** DATA EXTRACTS follows **
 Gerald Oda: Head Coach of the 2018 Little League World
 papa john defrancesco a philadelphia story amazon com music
** End of DATA EXTRACTS **
** DATA EXTRACTS follows **
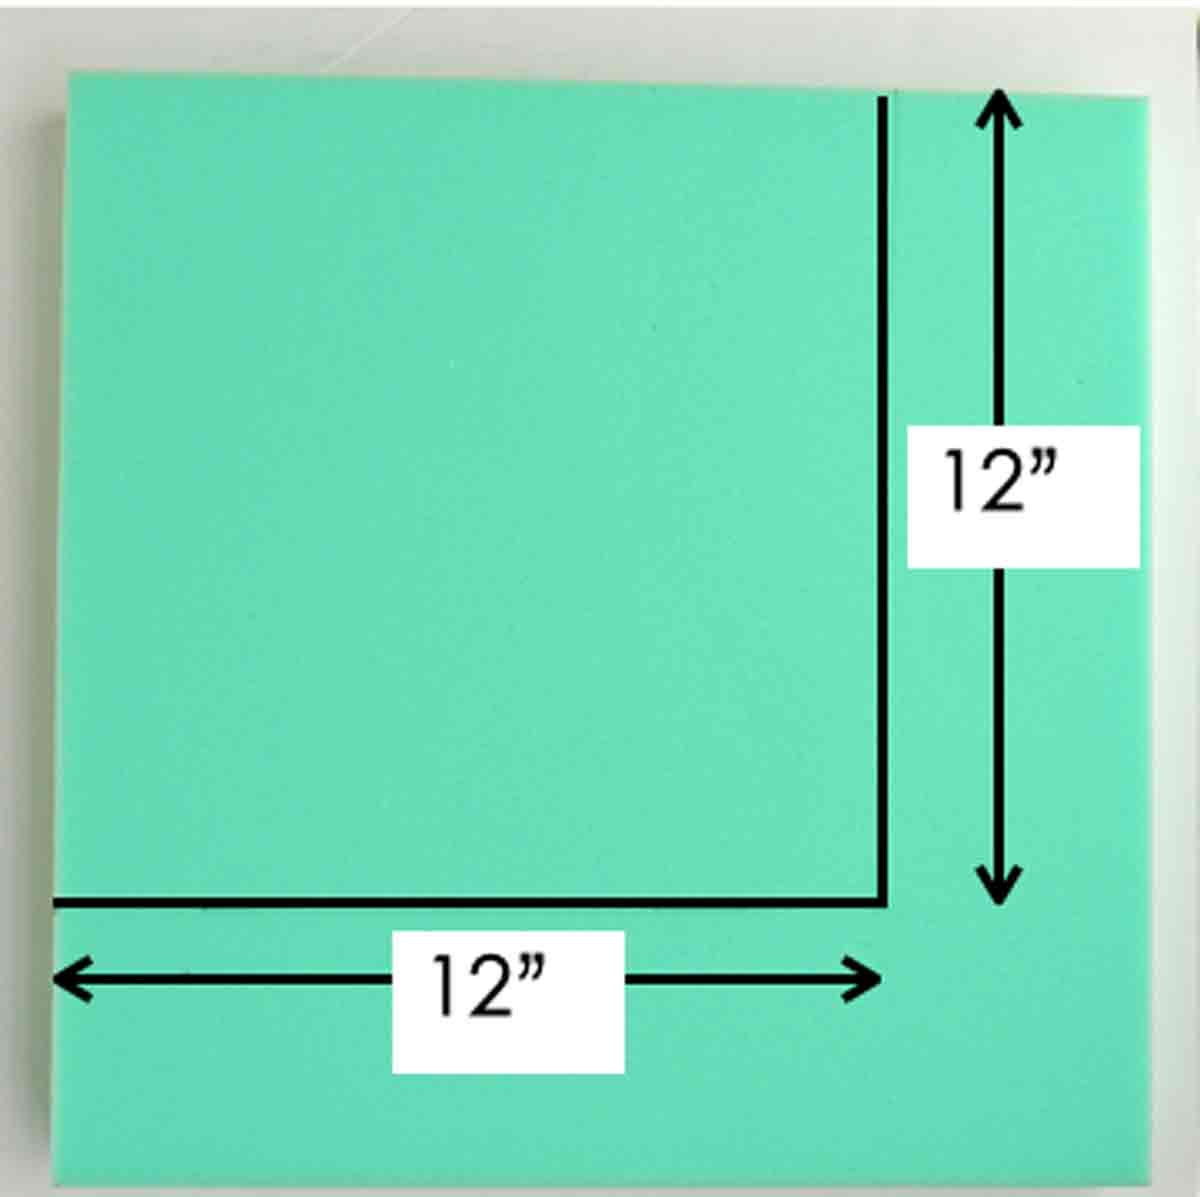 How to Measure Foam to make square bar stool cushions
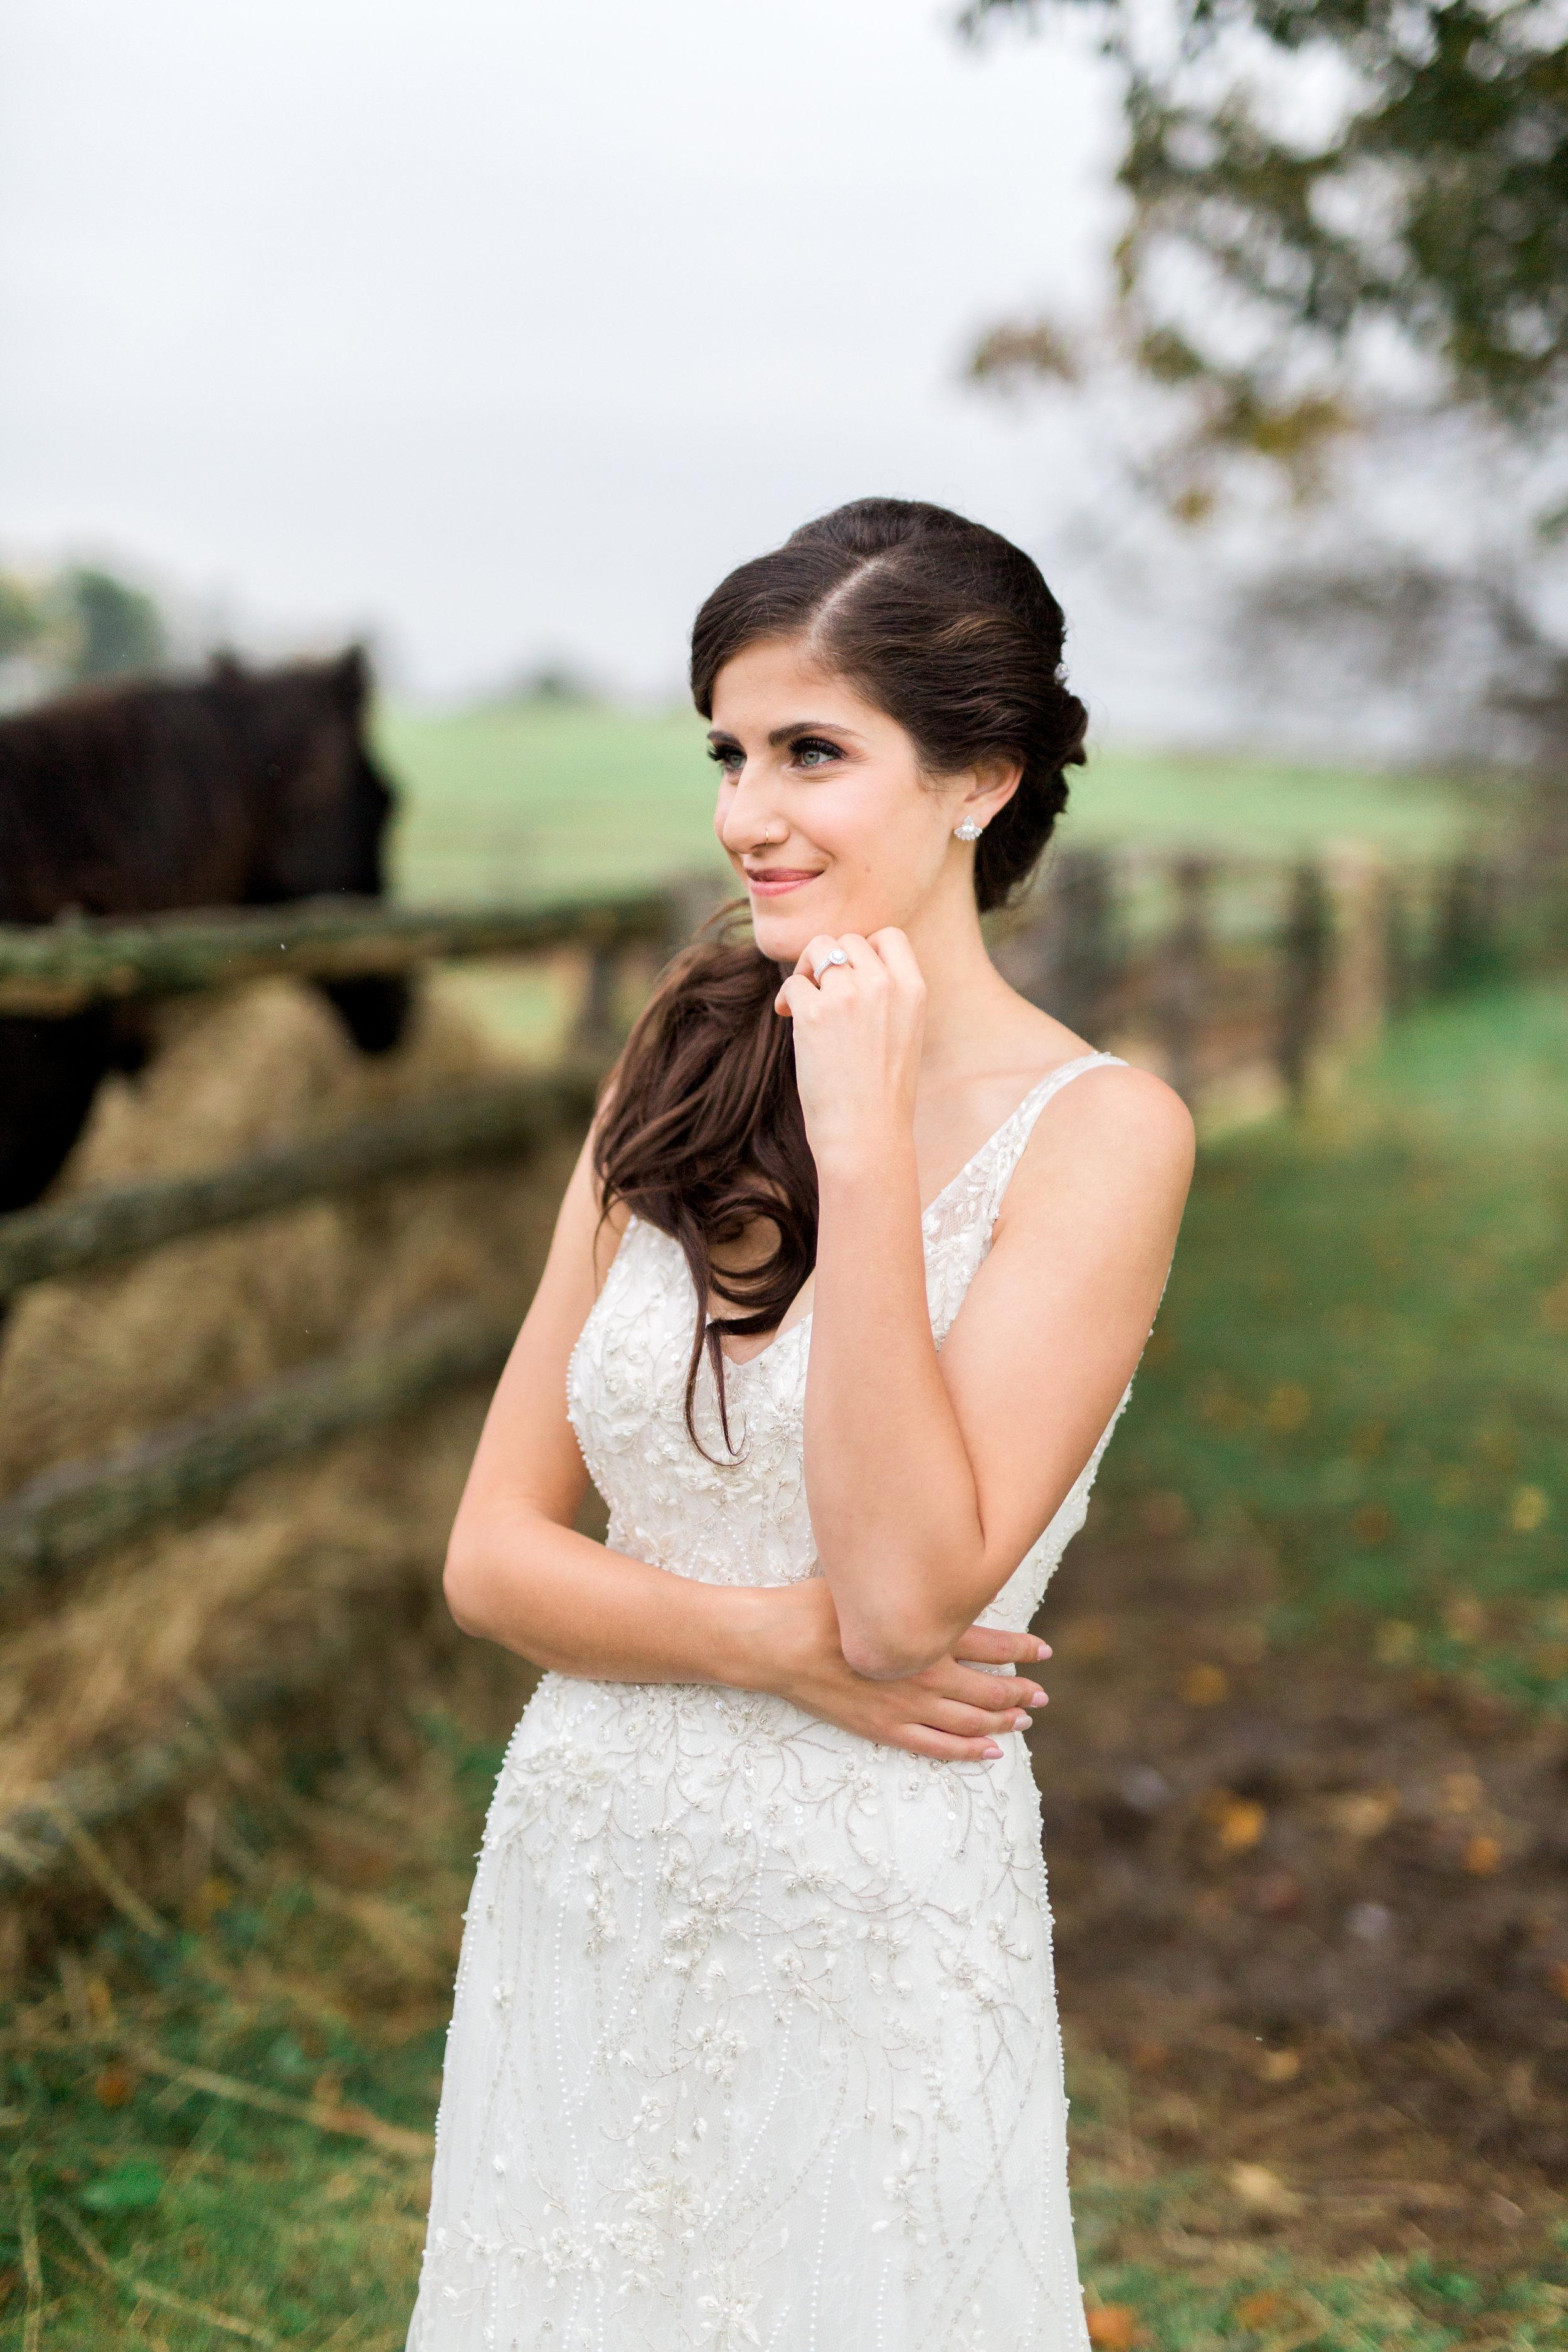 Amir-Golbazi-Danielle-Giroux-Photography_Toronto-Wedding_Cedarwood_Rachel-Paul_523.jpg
** End of DATA EXTRACTS **
## ACTIVITY
Beginning at the line above that contains "Gerald Oda: Head", return each line exactly through the line that contains "papa john defrancesco", and no others.

## RESPONSE
 Gerald Oda: Head Coach of the 2018 Little League World
 papa john defrancesco a philadelphia story amazon com music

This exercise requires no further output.